Economy

JP Morgan plans to move work from Germany to London as blackout fears grow

JP Morgan has drawn up plans to shift work from offices in Germany into the City of London as finance companies brace for potential blackouts in the EU’s biggest economy.

The Wall Street bank is preparing a raft of emergency measures so that it can continue trading if there are power outages this winter following Vladimir Putin’s decision to cut off gas supplies from Russia.

It came as the energy crisis gripping Europe deepened, with the Kremlin announcing that the crucial Nord Stream 1 gas pipeline will remain shut until Western sanctions are eased, and the Opec-plus cartel of oil exporting countries agreeing to cut crude output.

The euro fell below $0.99 for the first time since December 2002, dropping by as much as 0.7pc to $0.9878 as wholesale gas prices surged and stocks slumped.

Shares were also hit, with Germany’s benchmark Dax index falling 2.2pc, while France’s Cac 40 stock index dropped 1.2pc. Benchmark European gas prices jumped as much as 35pc.

The market chaos is spurring finance companies to prepare for the worst. JP Morgan is understood to be wargaming options such as shifting work from its Frankfurt base to London and other European offices if Germany is plunged into darkness.

A source added: “Work transfers could also be to and from any location, not just involving the UK.”
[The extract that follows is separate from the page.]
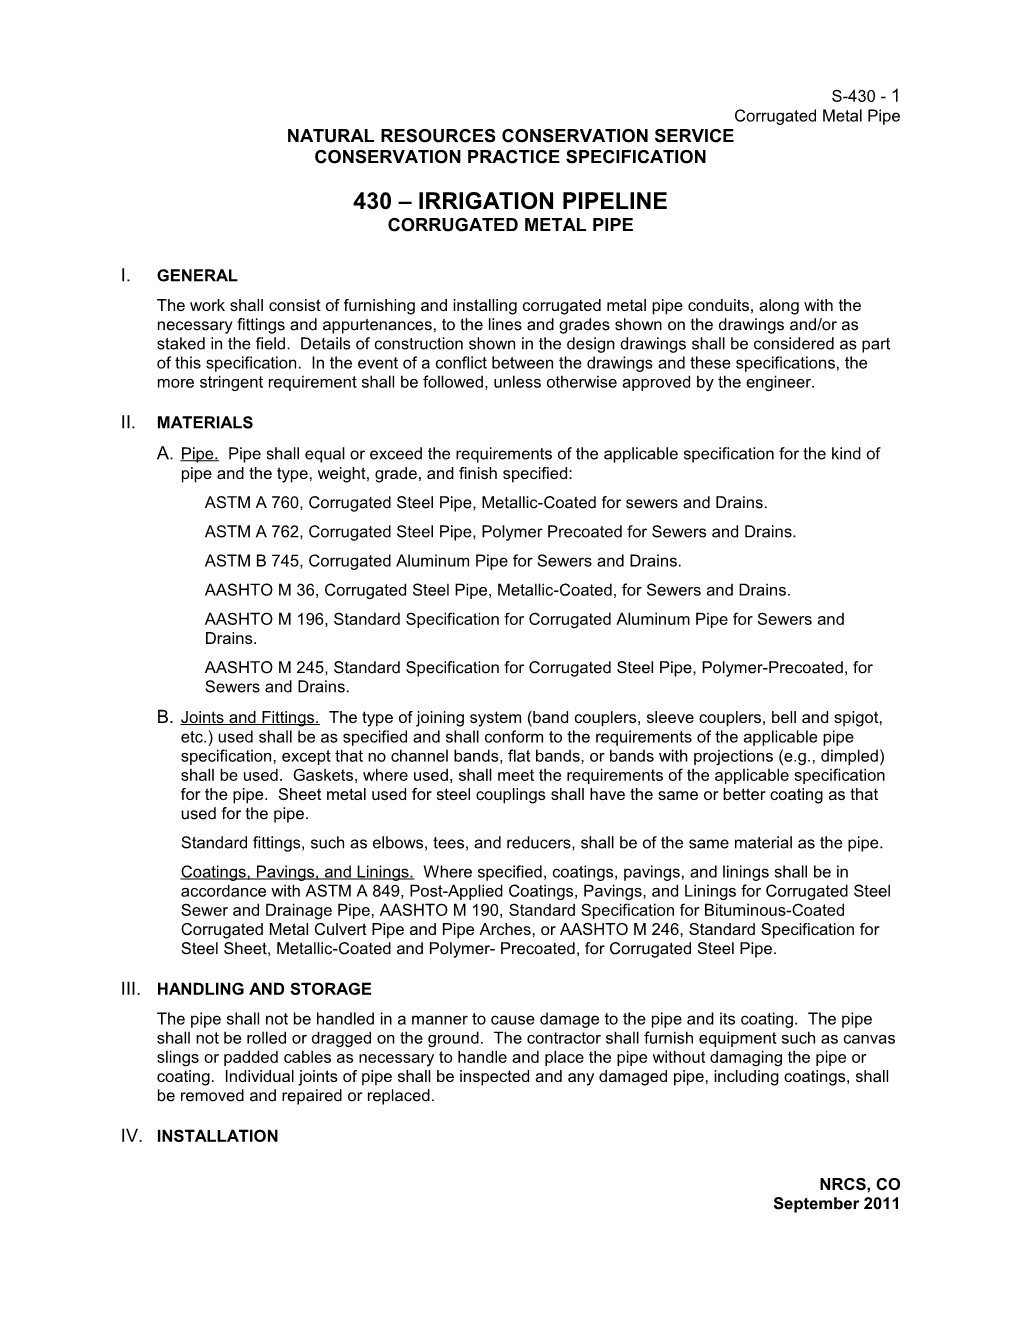 Natural Resources Conservation Service Conservation Practice Specification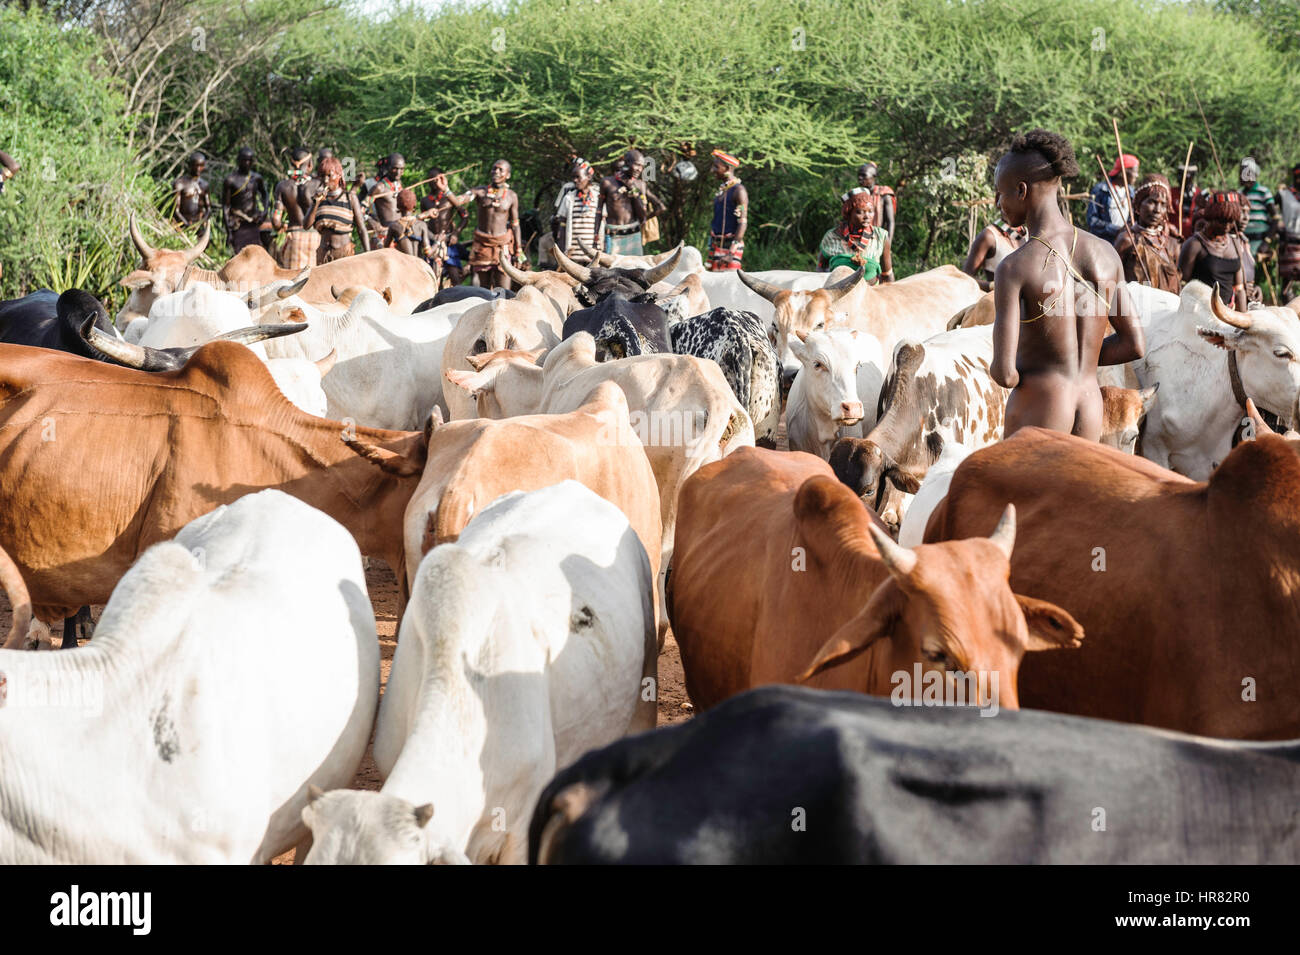 Gathering the cattle for a bull jumping ceremony. A rite of passage from boys to men from the Hamer tribe. Stock Photo

JP Morgan – which moved billions of dollars of assets from London to Frankfurt in the wake of the Brexit vote – could also fire up diesel generators at its offices that would allow them to function for several days without mains power, or tell staff to work from home to reduce energy consumption. 

The plans have been put in place as a precaution and the bank currently has no intention of activating any of the measures, it is understood.

A source said: “It would take a perfect storm of a complete shutdown of Russian gas supply, no reduction of gas use at all and little alternative sourcing for gas before it would have real impact on our business.”

Germany announced €65bn (£56bn) of fresh financial help for households and businesses over the weekend, as well as a windfall tax on energy company profits to help pay for this extra support.

Brussels is also considering a European Union-wide tax on electricity generators amid a scramble to try and curb the cost-of-living crisis, with energy ministers due to discuss the proposal at a meeting on Friday.

The plan was backed on Monday by Emmanuel Macron, France’s President, who said he supports a “European mechanism which we’d ask for from European energy operators whose production costs are far lower than market sale prices.”
Many wind and solar plant owners are believed to be making huge profits because wholesale prices have soared but their costs have not.

In both the EU and the UK, wholesale electricity prices are tied to the price of gas, even if electricity has been generated from other, cheaper sources.

Gas prices are ten or more times higher than long term averages as Russia restricts supplies to Europe, with the closure of the Nord Stream 1 pipeline to Germany on Friday adding further pressure.

Meanwhile in a bid to reverse a drop in crude prices, Opec-plus – which includes Russia and Saudi Arabia – decided to cut output by 100,000 barrels per day next month in an effort to bolster prices. Brent crude climbed 2pc to more than $95 a barrel on Monday.

JP Morgan declined to comment on its contingency plans. Goldman Sachs and Barclays also declined to comment on any plans they have for potential power outages.